Más ejemplos: ese haz de tuberías aparentemente concebido para trepidar y golpear el descarapelado muro en cuanto el agua circula por cualquiera de ellas. Doña Tatis, apodada la Bocaseca, las acolchonaba con los ejemplares del Esto desechados por sus hijos, pero un buen día se hartó de que ciertos vecinos —no digo nombres porque no soy como otros y además hay indicios para suponer que fue gente de fuera— los sustrajeran, no sé si como sustituto del papel higiénico o para alimentar el boiler o ambas cosas a la vez, pero algo por el estilo porque ya es sabido que en este país las lecturas son casi tan raras como las flatulencias perfumadas. El caso es que se acabó la sordina. Desde entonces ha aumentado la estridencia y los vecinos, por definición carentes de sentido autocrítico, suelen llamar a doña Tatis «vieja díscola y engreída», aunque ellos acentúan la e del diptongo.

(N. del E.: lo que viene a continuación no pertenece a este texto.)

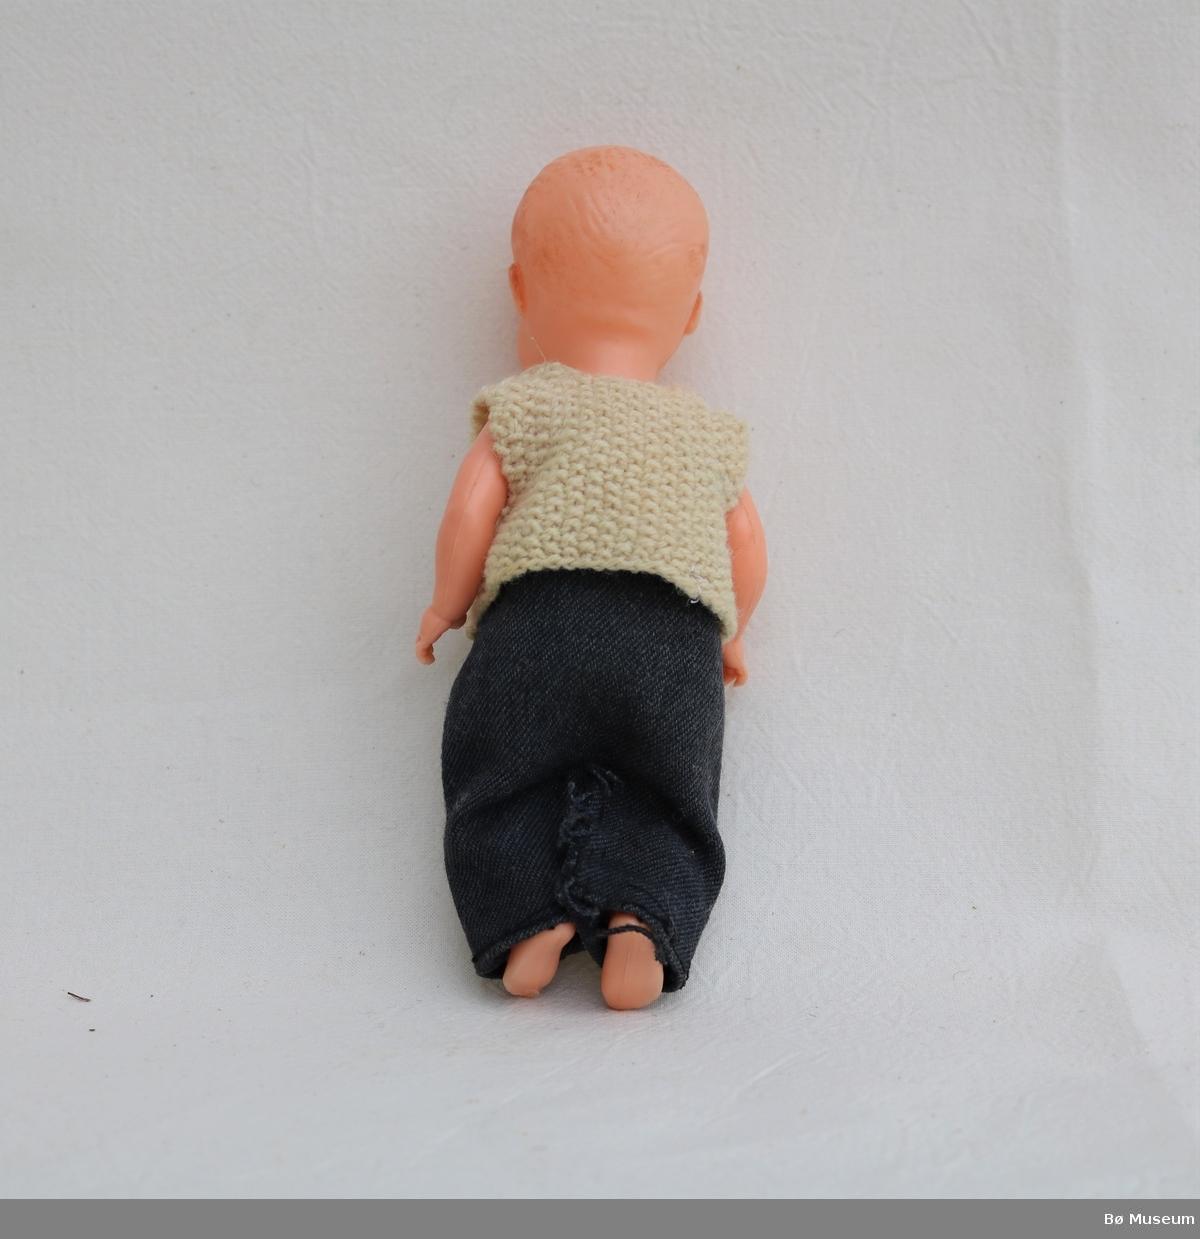 Babydokke med strikka vest og bukse. Buksa er heimelaga og grovt tråkla med trykknapp i livet. Vesten har eit hol. Dokka har måla ansikt og hår der fargen er nesten heilt slitt vekk. Innfelte auge. Armar og bein er bevegelege.

Más agobios: el vecino de la frente abultada, un psicópata que al principio solía interesarse por mis ejercicios de guitarra y era exasperantemente amigable, meloso e incluso encimoso, pero desde hace algún tiempo, a raíz de haberle negado una taza de azúcar primero, un poco de anís estrella segundo y luego unas ramas de epazote, ha llevado su despecho a una conducta abiertamente amenazadora sazonada con insultos de todas clases y miradas vandálicas de esas que hacen temer por la integridad física, sobre todo en ciertas noches de plenilunio en que me espía desde la ventana del baño. Si fuéramos gringos ya lo habrían arrestado. Así va la vida por estas olvidadas calles del centro histórico.

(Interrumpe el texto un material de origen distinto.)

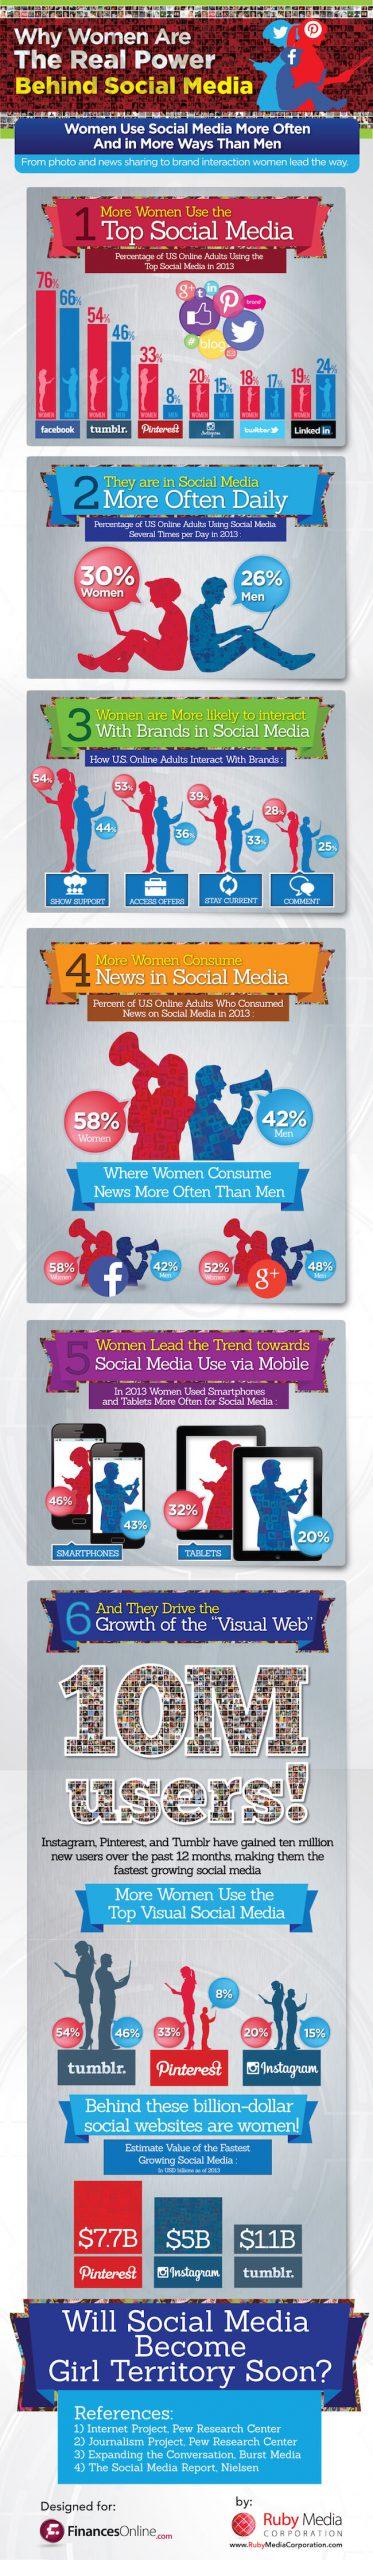 infographie - les réseaux sociaux et les femmes

Volviendo a las tuberías, el que estén pintadas de negro llama la atención porque, según se ve y se huele, en el patio interior jamás ha entrado el sol de manera directa, a no ser que consideremos el truco de los Toledano: poner un espejo en la azotea y dirigir el reflejo hacia su ventana. Otra posibilidad sería que no las pintaran ex profeso sino, para ahorrar, las sacaran de la demolición de un edificio en que sí daba el sol y, por tanto, proporcionaban un poco de agua tibia sin gastar energía. También pudieran haber salido de una casa negra, una funeraria tal vez, en que era necesario disimular la chapuza, porque la norma dice que las tuberías, amén de ser de cobre, han de ir empotradas en un muro previamente ranurado. En el caso de esta casa, es posible que, como era galvanizada, le pusieran un anticorrosivo negro para que sólo mermara por dentro y alcanzara así a prolongar su vida útil. Pero bueno, la verdad es que los vecinos somos una casta de mártires capaz de acostumbrarse a casi todo, por no ir más lejos a las ruidosas cañerías, las cornetas destempladas y algo que me produce tanta angustia que, si es posible, procuro soslayarlo: las innumerables moscas. Sobre ellas y el psicópata volveré más adelante.

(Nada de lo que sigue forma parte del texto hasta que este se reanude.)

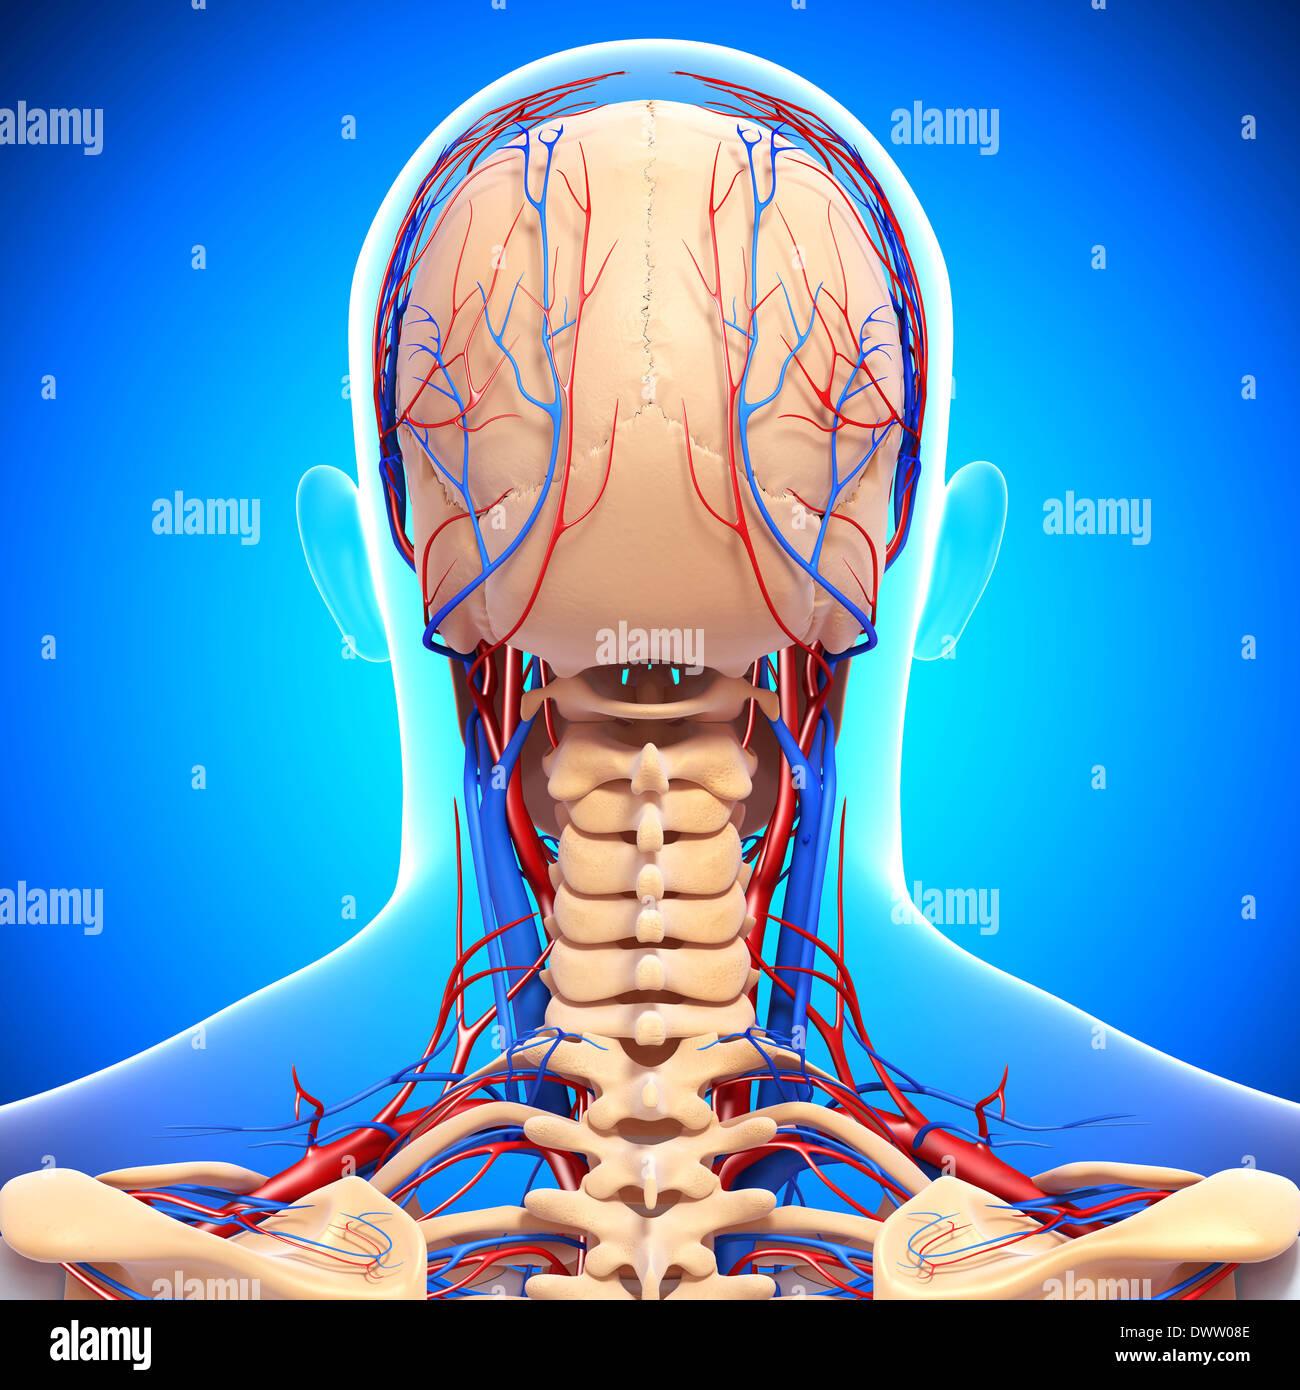 Arteriole Stockfotos & Arteriole Bilder - Seite 2 - Alamy

Se me olvidaba decir que, al margen de los múltiples apodos que me han colocado o que he adoptado, mi verdadero nombre es Darío Millán pero, como saldrá a la luz a medida que avance la narración, nunca fui un bizarro caballero, un galán de novela o un gladiador invencible aunque, eso sí, gracias a mi cinefilia, y con el permiso de García Riera y Truffaut, logré acuñar una frase memorable: «la vida es mejor que el cine». Y no lo digo porque las tortas de atún sean muy superiores a las palomitas, sino debido a que, por ejemplo, hace cerca de treinta años coincidí con John Wayne y hablé con él. Fue cuando los Miranda XXI tocábamos en el Escocés del hotel Bámer. Aunque apareció calvo y sin bisoñé, era el mismo grandulón que engalanaba las películas de John Ford o Henry Hathaway. Sin dudarlo ni un momento me acerqué y, tendiéndole la mano, dije: «Sean Thornton: welcome to Mexico». Eso de que usara el nombre de su personaje de El hombre tranquilo le desconcertó por un instante, luego sonrió y me dio un fuerte apretón (todavía no había perdido la memoria el neutralizador de Liberty Valance). Pues ninguna película ha conseguido darme una alegría de esa magnitud, ni siquiera Chabelo y Pepito contra los monstruos… Es broma, me cae que lo de Chabelo y los monstruos es broma. Otro ejemplo: la muerte de Jesse James reportó a su cazarrecompensas 10 000 dólares de aquellos. En cambio, el actorcete contratado para encarnar al asesino Robert Ford, ganó trescientos pinches y devaluados dólares. ¡Bastante menos de lo que cuesta una noche de agasajo en el Waldorf Astoria de Niuyor!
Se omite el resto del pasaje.